PROBLEM TO WORK ON — For this exercise, repeat every line of the material exactly.

BEGIN

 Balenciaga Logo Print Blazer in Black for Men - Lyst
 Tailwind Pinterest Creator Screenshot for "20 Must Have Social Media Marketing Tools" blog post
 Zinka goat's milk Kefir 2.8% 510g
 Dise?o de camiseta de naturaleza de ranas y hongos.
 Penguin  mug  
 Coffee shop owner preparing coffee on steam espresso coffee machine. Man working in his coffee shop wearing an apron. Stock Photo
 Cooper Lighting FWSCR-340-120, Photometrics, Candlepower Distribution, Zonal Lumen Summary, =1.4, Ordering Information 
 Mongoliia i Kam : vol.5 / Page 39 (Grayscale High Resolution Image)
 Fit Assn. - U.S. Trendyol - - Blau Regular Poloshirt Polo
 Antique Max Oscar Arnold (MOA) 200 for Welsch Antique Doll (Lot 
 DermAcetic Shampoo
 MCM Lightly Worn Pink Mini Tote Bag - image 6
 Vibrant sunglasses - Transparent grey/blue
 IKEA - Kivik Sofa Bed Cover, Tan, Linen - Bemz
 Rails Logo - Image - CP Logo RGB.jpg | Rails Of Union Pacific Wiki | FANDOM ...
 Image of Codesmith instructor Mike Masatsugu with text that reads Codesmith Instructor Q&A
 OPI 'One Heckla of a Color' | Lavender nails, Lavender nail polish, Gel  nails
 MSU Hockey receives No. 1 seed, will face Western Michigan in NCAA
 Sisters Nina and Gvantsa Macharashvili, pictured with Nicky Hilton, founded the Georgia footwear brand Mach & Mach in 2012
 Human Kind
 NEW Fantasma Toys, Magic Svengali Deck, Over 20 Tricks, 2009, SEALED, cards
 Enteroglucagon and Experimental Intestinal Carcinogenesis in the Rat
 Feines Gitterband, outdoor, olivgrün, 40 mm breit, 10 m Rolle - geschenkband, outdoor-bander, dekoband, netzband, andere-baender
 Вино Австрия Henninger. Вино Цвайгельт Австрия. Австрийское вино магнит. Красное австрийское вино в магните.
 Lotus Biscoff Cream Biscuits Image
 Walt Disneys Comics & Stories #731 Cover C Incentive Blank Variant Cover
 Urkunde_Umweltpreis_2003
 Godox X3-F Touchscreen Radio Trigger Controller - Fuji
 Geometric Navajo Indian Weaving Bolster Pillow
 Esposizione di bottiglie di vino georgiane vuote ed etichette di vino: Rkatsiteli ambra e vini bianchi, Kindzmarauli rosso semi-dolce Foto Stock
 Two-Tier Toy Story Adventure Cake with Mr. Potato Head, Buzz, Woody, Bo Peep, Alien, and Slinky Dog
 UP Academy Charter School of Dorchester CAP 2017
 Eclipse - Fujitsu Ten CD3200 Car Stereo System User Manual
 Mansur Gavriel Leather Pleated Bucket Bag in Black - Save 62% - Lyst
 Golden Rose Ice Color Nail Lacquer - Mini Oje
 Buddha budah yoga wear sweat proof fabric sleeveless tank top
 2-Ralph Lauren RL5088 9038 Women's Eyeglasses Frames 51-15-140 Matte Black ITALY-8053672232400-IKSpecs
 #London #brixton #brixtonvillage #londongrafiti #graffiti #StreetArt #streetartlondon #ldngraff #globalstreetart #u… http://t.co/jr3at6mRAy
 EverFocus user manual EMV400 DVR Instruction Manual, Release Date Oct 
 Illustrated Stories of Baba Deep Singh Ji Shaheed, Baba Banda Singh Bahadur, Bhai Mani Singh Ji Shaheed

END

SOLUTION BELOW —
 Balenciaga Logo Print Blazer in Black for Men - Lyst
 Tailwind Pinterest Creator Screenshot for "20 Must Have Social Media Marketing Tools" blog post
 Zinka goat's milk Kefir 2.8% 510g
 Dise?o de camiseta de naturaleza de ranas y hongos.
 Penguin  mug  
 Coffee shop owner preparing coffee on steam espresso coffee machine. Man working in his coffee shop wearing an apron. Stock Photo
 Cooper Lighting FWSCR-340-120, Photometrics, Candlepower Distribution, Zonal Lumen Summary, =1.4, Ordering Information 
 Mongoliia i Kam : vol.5 / Page 39 (Grayscale High Resolution Image)
 Fit Assn. - U.S. Trendyol - - Blau Regular Poloshirt Polo
 Antique Max Oscar Arnold (MOA) 200 for Welsch Antique Doll (Lot 
 DermAcetic Shampoo
 MCM Lightly Worn Pink Mini Tote Bag - image 6
 Vibrant sunglasses - Transparent grey/blue
 IKEA - Kivik Sofa Bed Cover, Tan, Linen - Bemz
 Rails Logo - Image - CP Logo RGB.jpg | Rails Of Union Pacific Wiki | FANDOM ...
 Image of Codesmith instructor Mike Masatsugu with text that reads Codesmith Instructor Q&A
 OPI 'One Heckla of a Color' | Lavender nails, Lavender nail polish, Gel  nails
 MSU Hockey receives No. 1 seed, will face Western Michigan in NCAA
 Sisters Nina and Gvantsa Macharashvili, pictured with Nicky Hilton, founded the Georgia footwear brand Mach & Mach in 2012
 Human Kind
 NEW Fantasma Toys, Magic Svengali Deck, Over 20 Tricks, 2009, SEALED, cards
 Enteroglucagon and Experimental Intestinal Carcinogenesis in the Rat
 Feines Gitterband, outdoor, olivgrün, 40 mm breit, 10 m Rolle - geschenkband, outdoor-bander, dekoband, netzband, andere-baender
 Вино Австрия Henninger. Вино Цвайгельт Австрия. Австрийское вино магнит. Красное австрийское вино в магните.
 Lotus Biscoff Cream Biscuits Image
 Walt Disneys Comics & Stories #731 Cover C Incentive Blank Variant Cover
 Urkunde_Umweltpreis_2003
 Godox X3-F Touchscreen Radio Trigger Controller - Fuji
 Geometric Navajo Indian Weaving Bolster Pillow
 Esposizione di bottiglie di vino georgiane vuote ed etichette di vino: Rkatsiteli ambra e vini bianchi, Kindzmarauli rosso semi-dolce Foto Stock
 Two-Tier Toy Story Adventure Cake with Mr. Potato Head, Buzz, Woody, Bo Peep, Alien, and Slinky Dog
 UP Academy Charter School of Dorchester CAP 2017
 Eclipse - Fujitsu Ten CD3200 Car Stereo System User Manual
 Mansur Gavriel Leather Pleated Bucket Bag in Black - Save 62% - Lyst
 Golden Rose Ice Color Nail Lacquer - Mini Oje
 Buddha budah yoga wear sweat proof fabric sleeveless tank top
 2-Ralph Lauren RL5088 9038 Women's Eyeglasses Frames 51-15-140 Matte Black ITALY-8053672232400-IKSpecs
 #London #brixton #brixtonvillage #londongrafiti #graffiti #StreetArt #streetartlondon #ldngraff #globalstreetart #u… http://t.co/jr3at6mRAy
 EverFocus user manual EMV400 DVR Instruction Manual, Release Date Oct 
 Illustrated Stories of Baba Deep Singh Ji Shaheed, Baba Banda Singh Bahadur, Bhai Mani Singh Ji Shaheed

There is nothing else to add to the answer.